This week, mortgage rates fell to their lowest level since this time last year. The Interest rate for a 30-year mortgage is currently at 6.51%, down from 6.74% last week.
“Mortgage rates plunged this week to their lowest level in over a year following the likely overreaction to a less than favorable employment report and financial market turbulence for an economy that remains on solid footing,” said Sam Khater, Freddie Mac’s Chief Economist.
The inflation report will be released this week and will guide the FED for their next meeting on September 17th. Many economists believe September will be the first reduction of their rate, and are expecting them to lower it 25-50 basis points.
Generally, mortgage companies will add 3% to the FED rate. The FED rate is currently at 5.25% to 5.50%. Mortgage companies have to remain competitive, so when demand drops, they offer lower rates.
A 6.5% interest rate will probably be the best rate we see in 2024. Mortgage lenders seem to have already adjust their rates downward with the expectation of a FED rate cut in September.

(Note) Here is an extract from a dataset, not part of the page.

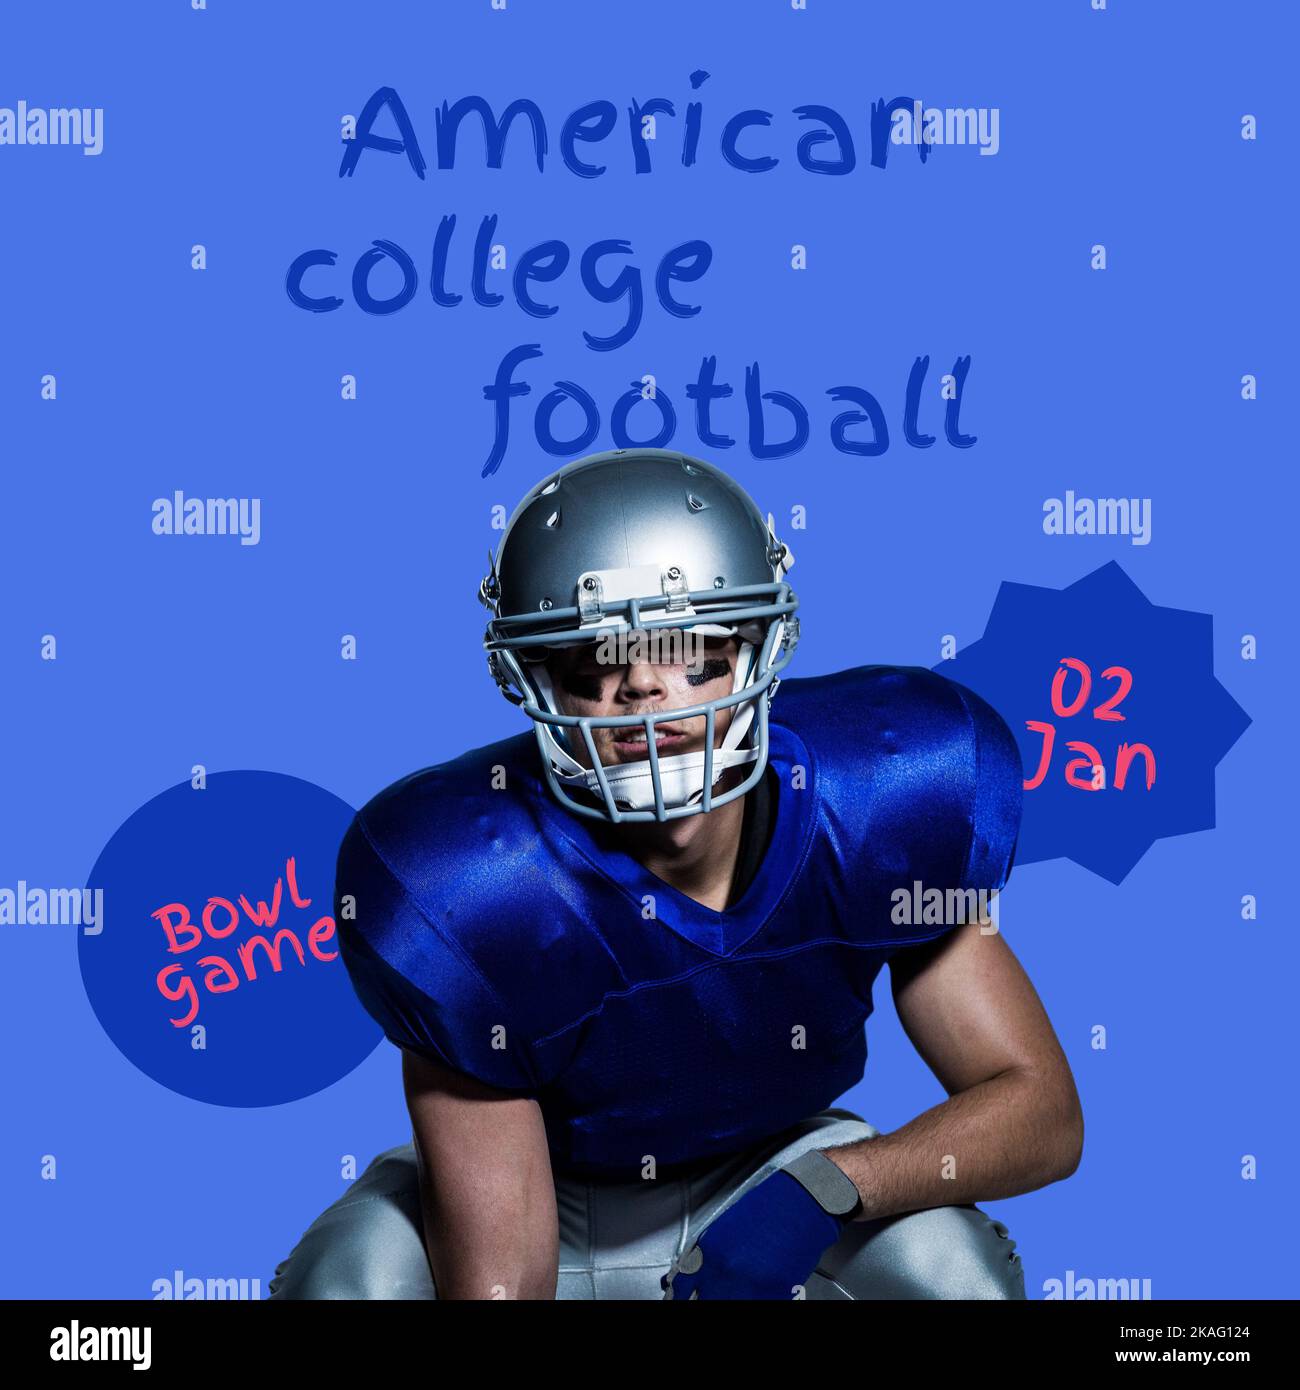 Komposition des amerikanischen College-Football-Textes über einem kaukasischen männlichen american-Football-Spieler Stockfoto

The Consumer Price Index peaked above 9% in June 2022, which led the FED to respond with consecutive interest rate hikes that concluded in July 2023. Mortgage rates rose to over 7% in September of 2022 and by the end of 2023, were nearing 8%.
While inflation has cooled, it has remained higher than the FED’s 2% target, which has led them to keep its benchmark rate elevated. In their July meeting, the FED held their rate firm, but indicated that a rate reduction is possible in September 2024.
The FED doesn’t set mortgage rates, but when inflation is high, they increase their short-term interest rate to slow the economy. Mortgage rates tend to increase or decrease based on many factors, including the bond market, investor expectations, inflation and the FED’s monetary policy decisions.
August began with lower numbers on manufacturing and construction. Additionally, a weaker than expected jobs report led many investors to fear the possibility of a recession. While the stock market soared into record territory in 2024, it dropped significantly at the beginning of August.
Many were expecting the FED to step in with an emergency rate cut. However, the stock market recovered on its own. While rates are holding steady around 6.5%, it is unlikely rates will fall below 6% before 2025.
Steep home prices and limited inventory are still presenting a challenge for homebuyers. However, a 2% reduction in an interest rate equals a monthly payment of $115 for every $100,000 borrowed on a 30-year home loan. Lower rates mean lower monthly payments, which can increase the amount you are qualified to borrow.
Inflation, jobs reports and the FED rate shouldn’t be the driving force of whether or not you buy a home. It is difficult to time the housing market and it is important to have your finances in order, so you can shop around for the best mortgage rate.